Not that all Halloween songs have to be linked to horror films or anything, but when their name instantly brings you into Stephen King territory, it’s hard to overlook. This is especially true when the man himself is asking for help – like, if Stephen King is a fan of yours and asks you to write a track, you do it. The Ramones did. While the Eighties weren’t the best of years for the New Yorkers, “Pet Sematary” refuelled their presence in rock and was a hit single that got them much-needed momentum. The video was shot in an actual cemetery and with lyrics about skeletons dancing, the clicking of bones and the smell of death all around, how can one not think of Halloween when you watch it? This year marked the 27th anniversary of the book-to-film adaptation release and if you’re a huge fan of the cult classic like me, you’re waiting desperately to see this documentary.
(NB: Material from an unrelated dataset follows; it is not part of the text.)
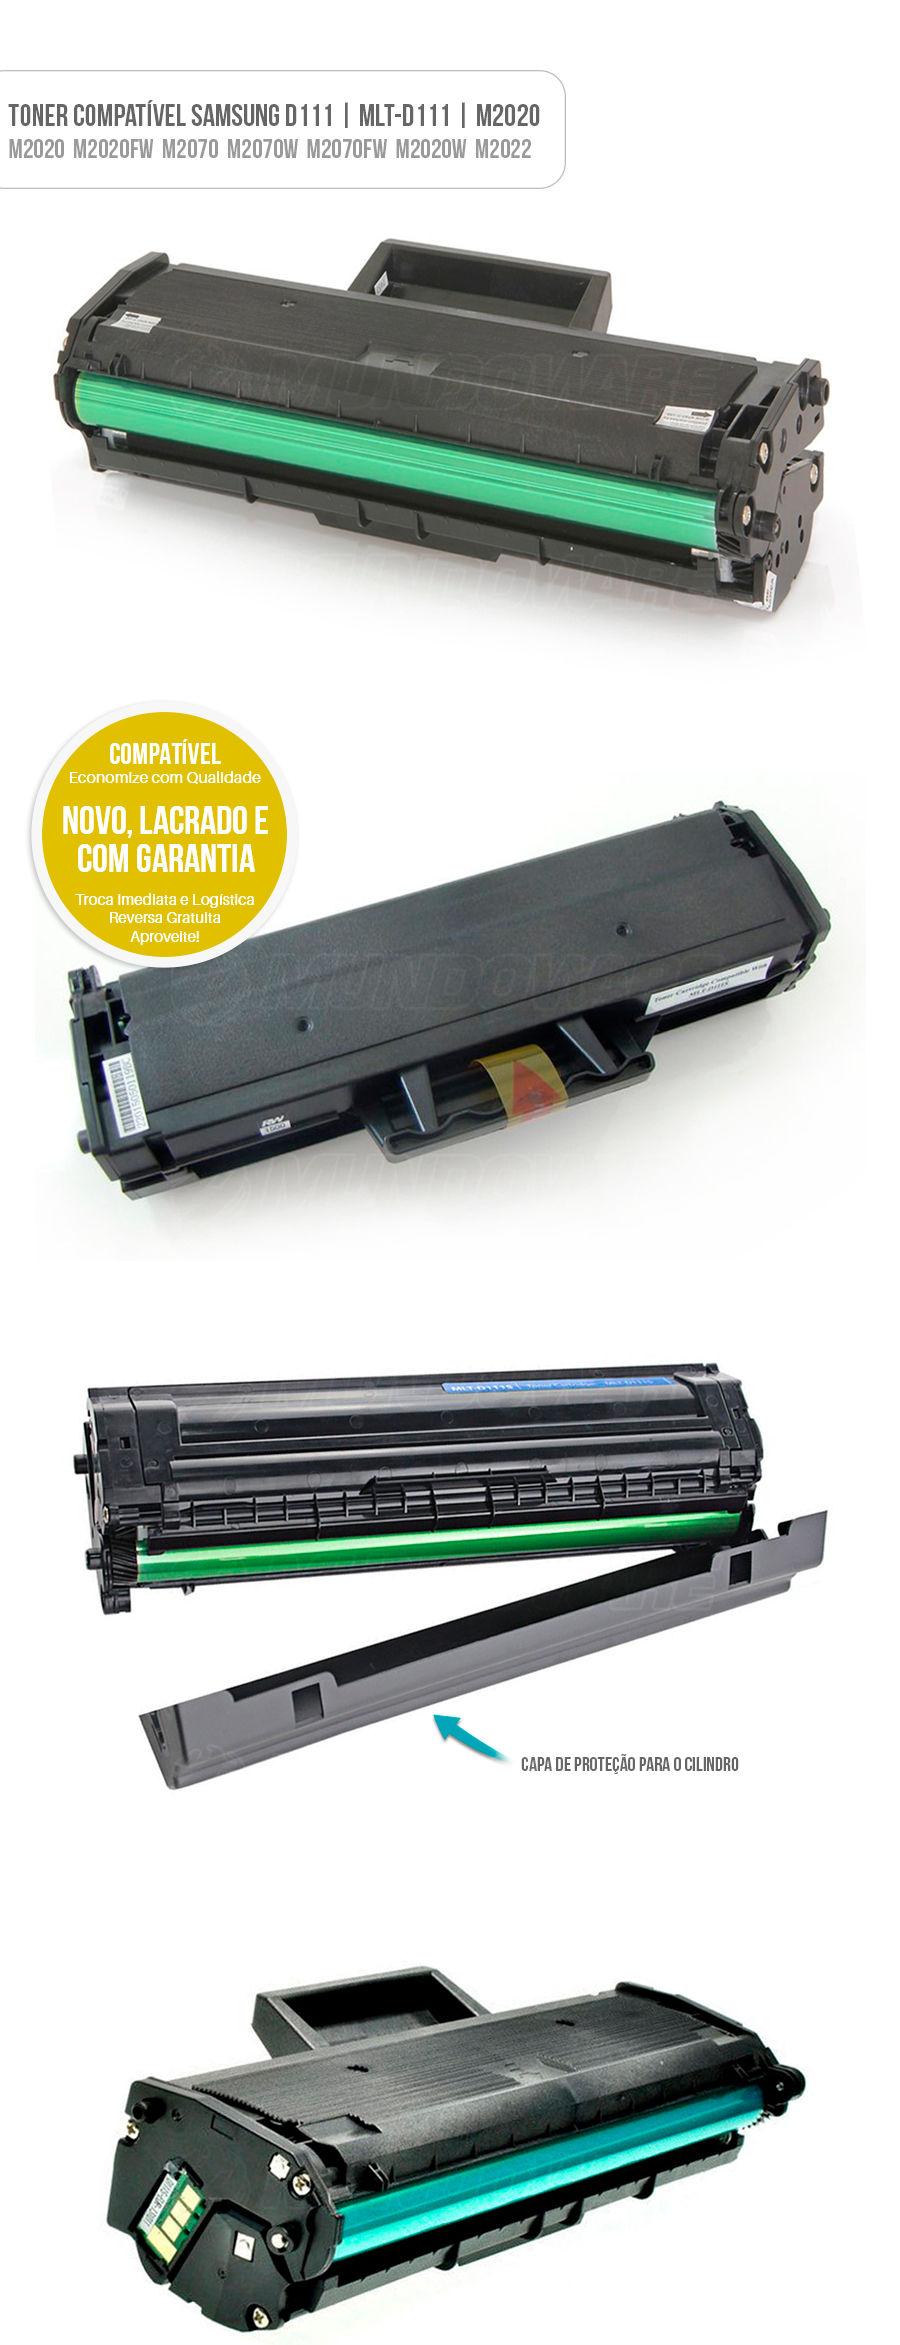 Xpress M2020 M2020W M2020FW M2022 M2070 M2070W M2070FW Tonner

NAHPI – Do They Know It’s Hallowe’en?

In 2005 a bunch of talented performers came together in the spirit of charity (UNICEF in specific) to make this provoking single. NAHPI stands for North American Halloween Prevention Initiative and the song is a somewhat snarky response to the benefit single, “Do They Know It’s Christmas,” created by Sir Bob Geldof. Basically, it pokes fun at Band Aid’s original song, which NAHPI believed with patronizing. One of the co-writers, Adam Gollner, told the New York Times, that the “lyrics seem so misguided and inappropriate.” NAHPI included artists such as Buck 65, Feist, Win Butler, Thurston Moore, Dan Boeckner and Karen O, among others.

Nick Cave & The Bad Seeds – Red Right Hand

This is easily one of the most recognized songs released by Nick Cave & The Bad Seeds. It’s been insanely popular since its 1994 release and has been featured in shows like X-Files and Peaky Blinders, in commercials, movies, covered by artists like Arctic Monkeys… you get the point. “Red Right Hand” is instantly gripping, and the title comes from John Milton’s Paradise Lost, which touches on the disobedience to his Holy self (God, not Milton that is). The video opens with a seemingly serene set up: cookies and milk being taken in before bedtime. Soon, you’re inside creepy territory, complete with weird strangers and a turkey being cut using a hand saw. It’s perfect for parties and should be the ringtone for when mom calls.